De uitspraak van de Raad van State is gedaan in naam der Koningin en bevestigt de eerdere uitspraak van de rechtbank, waarmee het college in het ongelijk is gesteld. De zaak benadrukt de noodzaak voor gemeenten om zorgvuldig om te gaan met bestemmingsplannen en de rechten van bewoners.

Uitspraak

200806381/1/H1.
Datum uitspraak: 20 mei 2009
AFDELING
BESTUURSRECHTSPRAAK
Uitspraak op het hoger beroep van:
het college van burgemeester en wethouders van Oudewater,
appellant,
tegen de uitspraak van de rechtbank Utrecht van 18 juli 2008 in zaak nr. 08/767 in het geding tussen:
[wederpartij] wonend te [woonplaats],
en
het college van burgemeester en wethouders van Oudewater.
1. Procesverloop
Bij besluit van 23 oktober 2007 heeft het college van burgemeester en wethouders van Oudewater (hierna: het college) [wederpartij] onder oplegging van een dwangsom gelast de bewoning van het bijgebouw op het perceel [locatie] te [plaats] (hierna: het perceel) te beëindigen en beëindigd te laten.
Bij besluit van 19 februari 2008 heeft het college het door [wederpartij] daartegen gemaakte bezwaar ongegrond verklaard.

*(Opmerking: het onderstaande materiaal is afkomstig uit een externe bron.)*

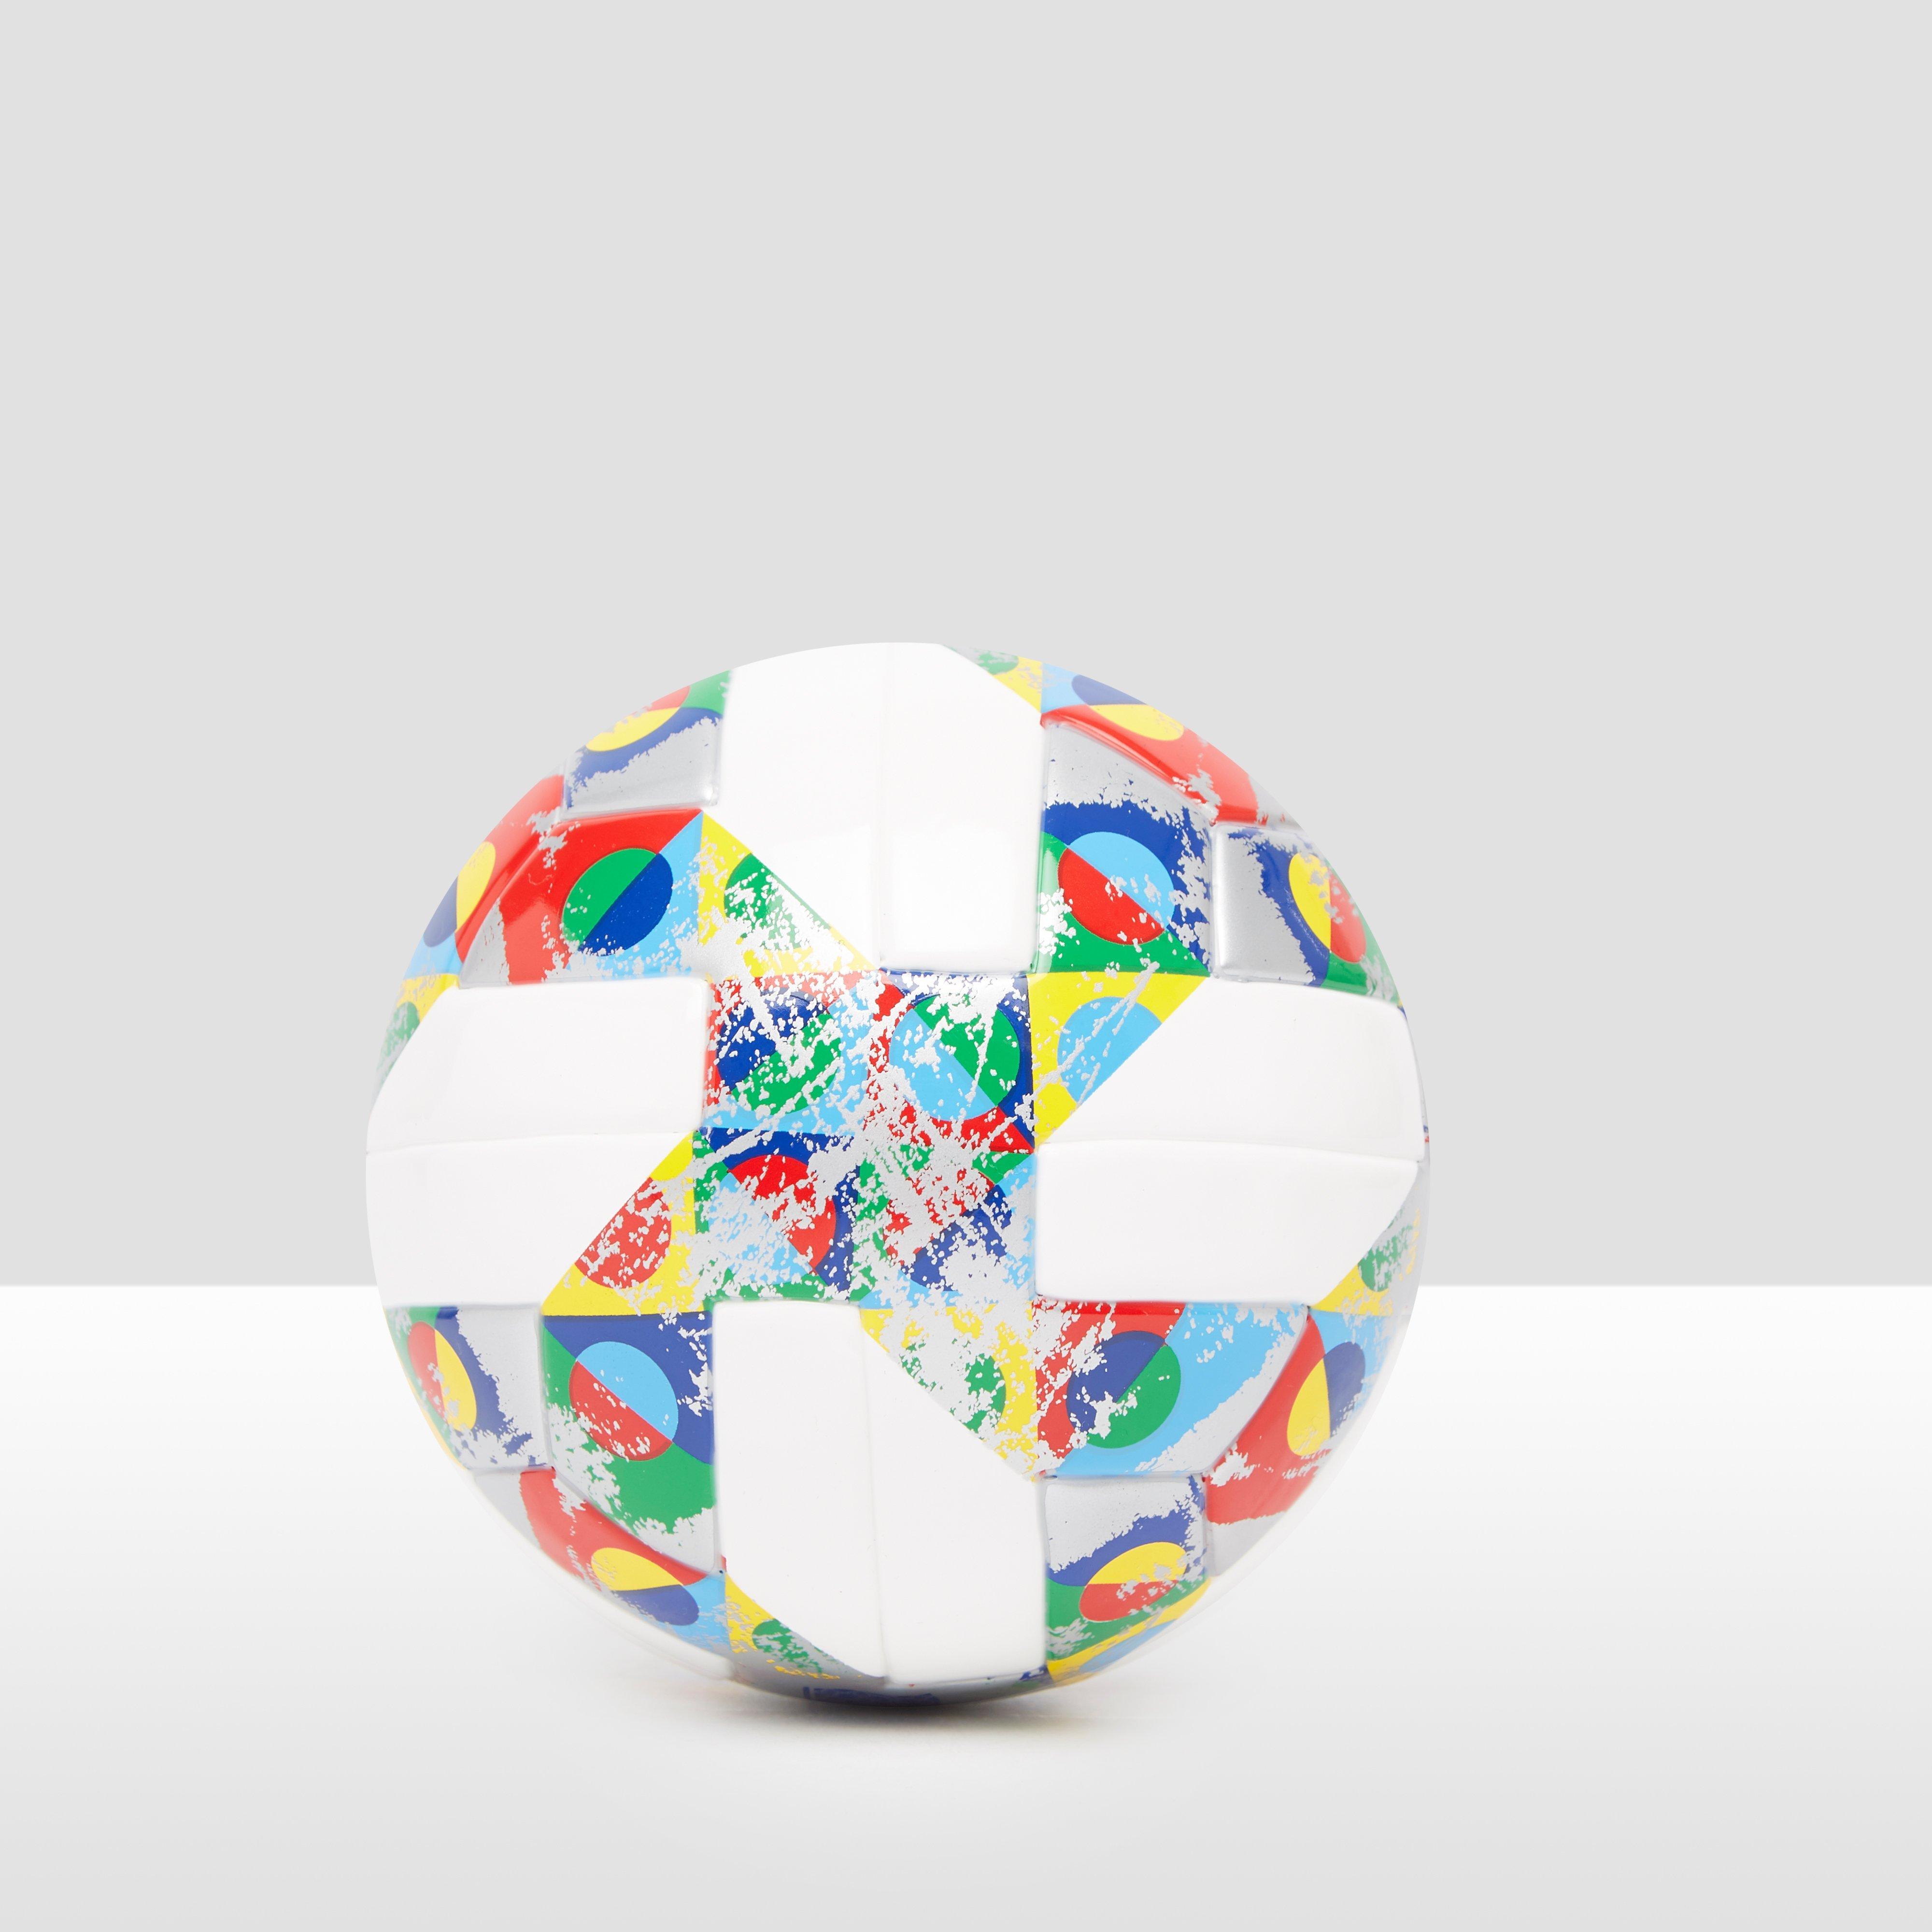 ADIDAS UEFA NATIONS LEAGUE MINI VOETBAL WIT/GEEL
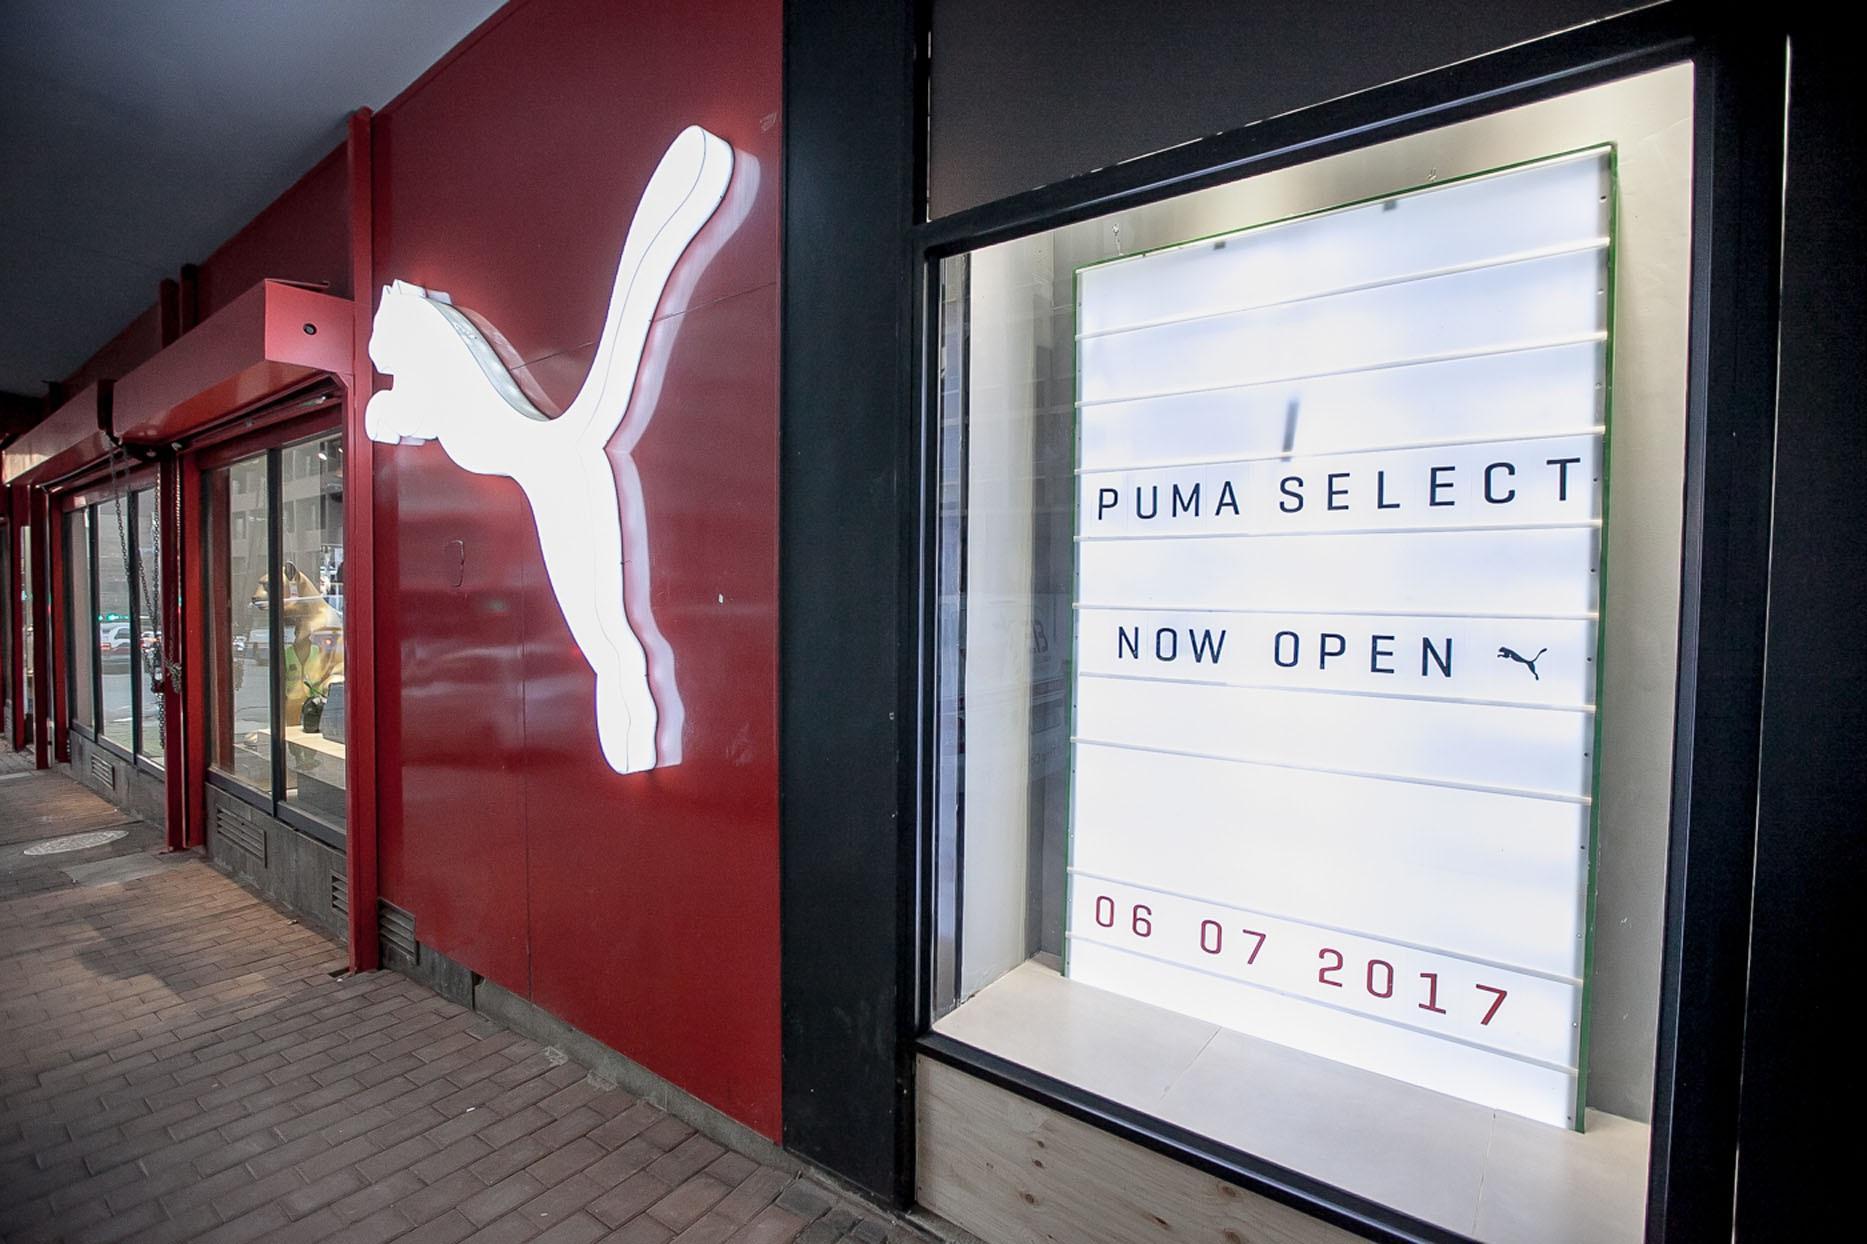 Puma Select Braamfontein revamp revealed

Bij uitspraak van 18 juli 2008, verzonden op 21 juli 2008, heeft de rechtbank Utrecht (hierna: de rechtbank) het door [wederpartij] daartegen ingestelde beroep gegrond verklaard, het besluit van 19 februari 2008 vernietigd en het besluit van 23 oktober 2007 herroepen. Deze uitspraak is aangehecht.
Tegen deze uitspraak heeft het college bij brief, bij de Raad van State ingekomen op 19 augustus 2008, hoger beroep ingesteld. De gronden van het hoger beroep zijn aangevuld bij brief van 26 augustus 2008.
[wederpartij] heeft een verweerschrift ingediend.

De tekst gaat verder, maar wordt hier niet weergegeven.